Let us pretend for the moment that you are small private entity who supplies goods to another South African firm which provides services to a government entity. You will need to be black-empowered as this other private entity will surely exert pressure on you to be his preferred black-empowered provider. Perhaps due to your size, or whatever other reason, a major contributor to your BEE status is black preferential procurement. You in turn are forced to exert pressure on your suppliers to also become black-empowered. What do you stand to do if your only suppliers are located outside South Africa? For one, they may not stand a chance of being black-empowered. Do you have to limit your procurement from them and increase your procurement from a South African black-empowered entity in order to continue supplying services to the government? Does this not effectively contravene the National Treatment principal as that foreign supplier is not supplying to the South African government within the conditions laid down by the exceptions to the National Treatment principal?

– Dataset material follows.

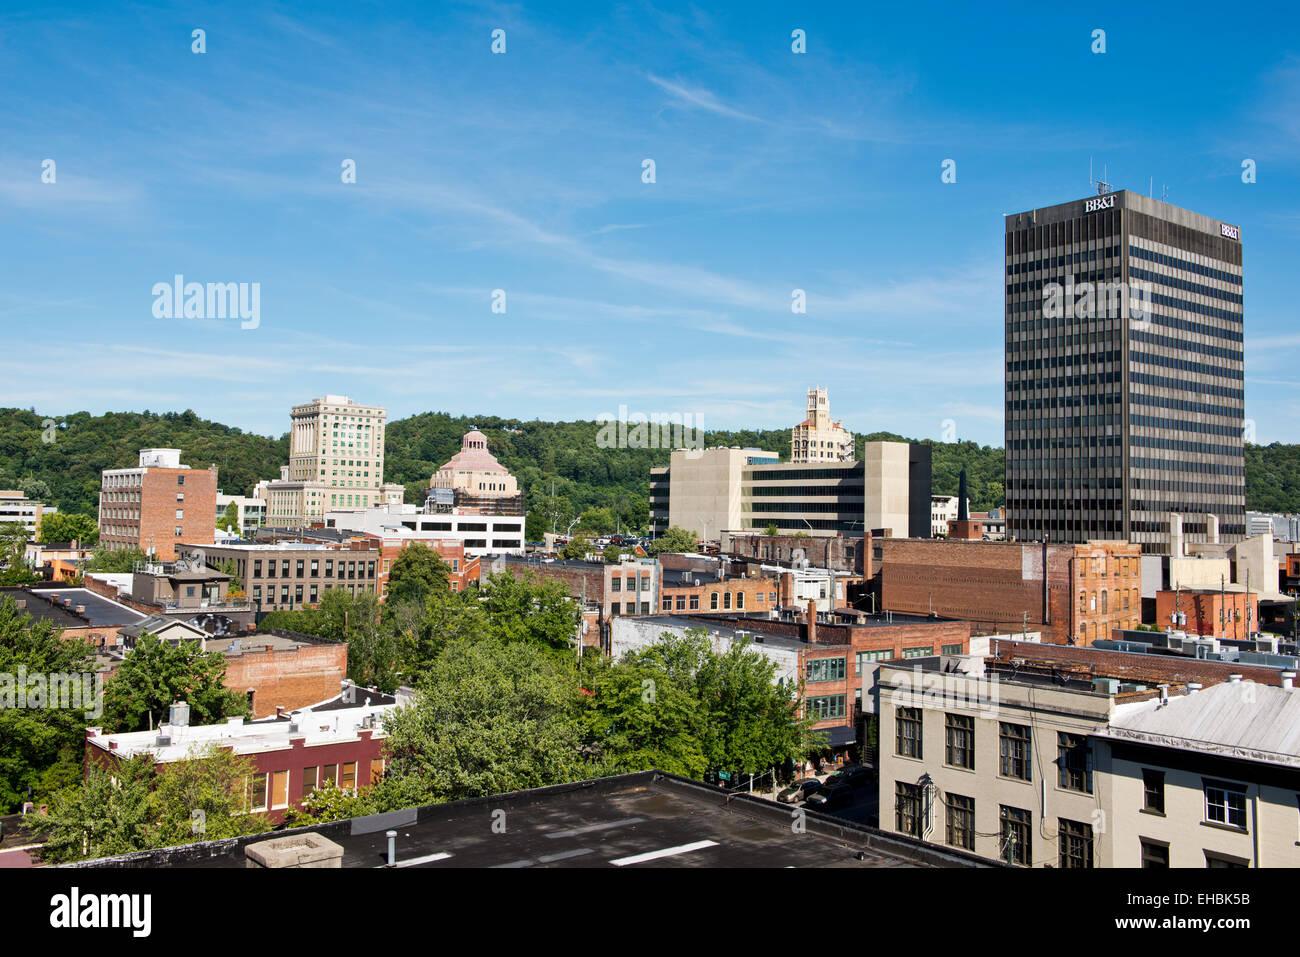 Asheville North Carolina city skyline - Stock Image
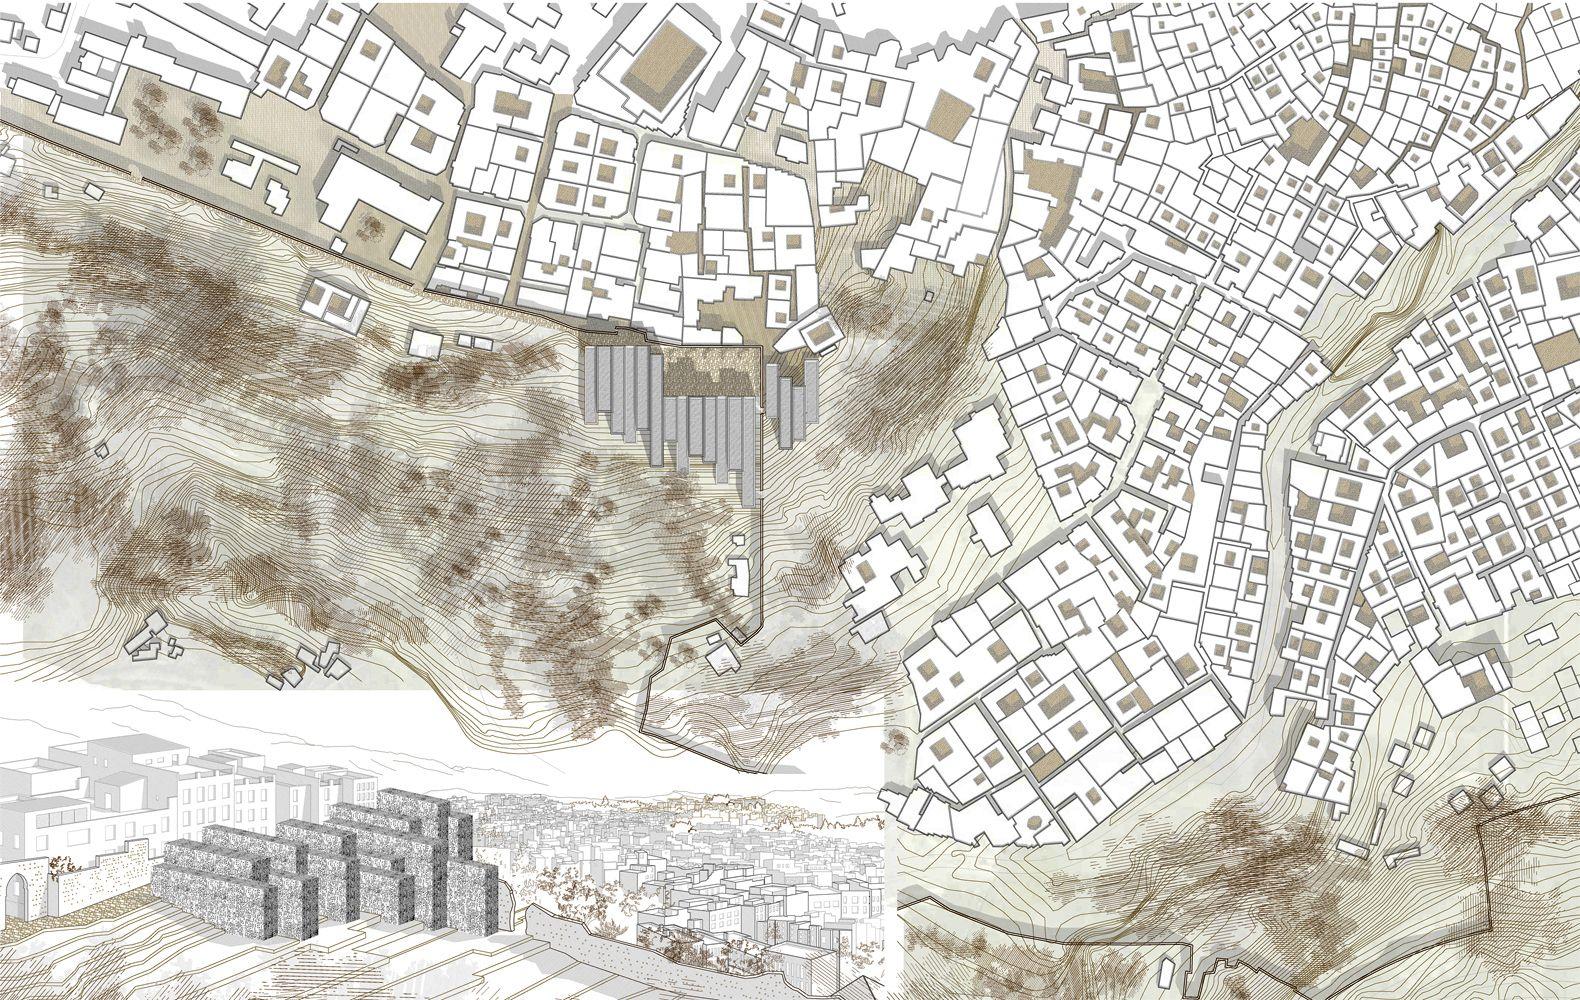 Plano de emplazamiento urbanismo arquitectura for Planos de arquitectura

Would this ‘unforeseen’ consequence of BEE legislation not qualify as a law that, at face value, does not discriminate against foreigners although the downstream effect does indeed (indirectly) do just that? Would other WTO Members not be able to argue that South Africa’s BEE legislation contravenes the exception which allows a government to discriminate against foreigners when government procurement is involved? Of course it could be possible to argue both for and against BEE, but the question should perhaps be if any WTO Member would risk doing so? This is especially true given that under GATT’s article 20 and GATS’ article 14 we have general exceptions (such as public morals) to unjustifiable discrimination against other countries. It could be argued that BEE is a moral protection infused into the South African society as a protection against the highly immoral legacy of Apartheid. If South Africa does take this defence it would be politically thorny for any WTO Member to take issue with South Africa in the WTO as they would be seen to be attacking the laudable mechanics which are redressing Apartheid.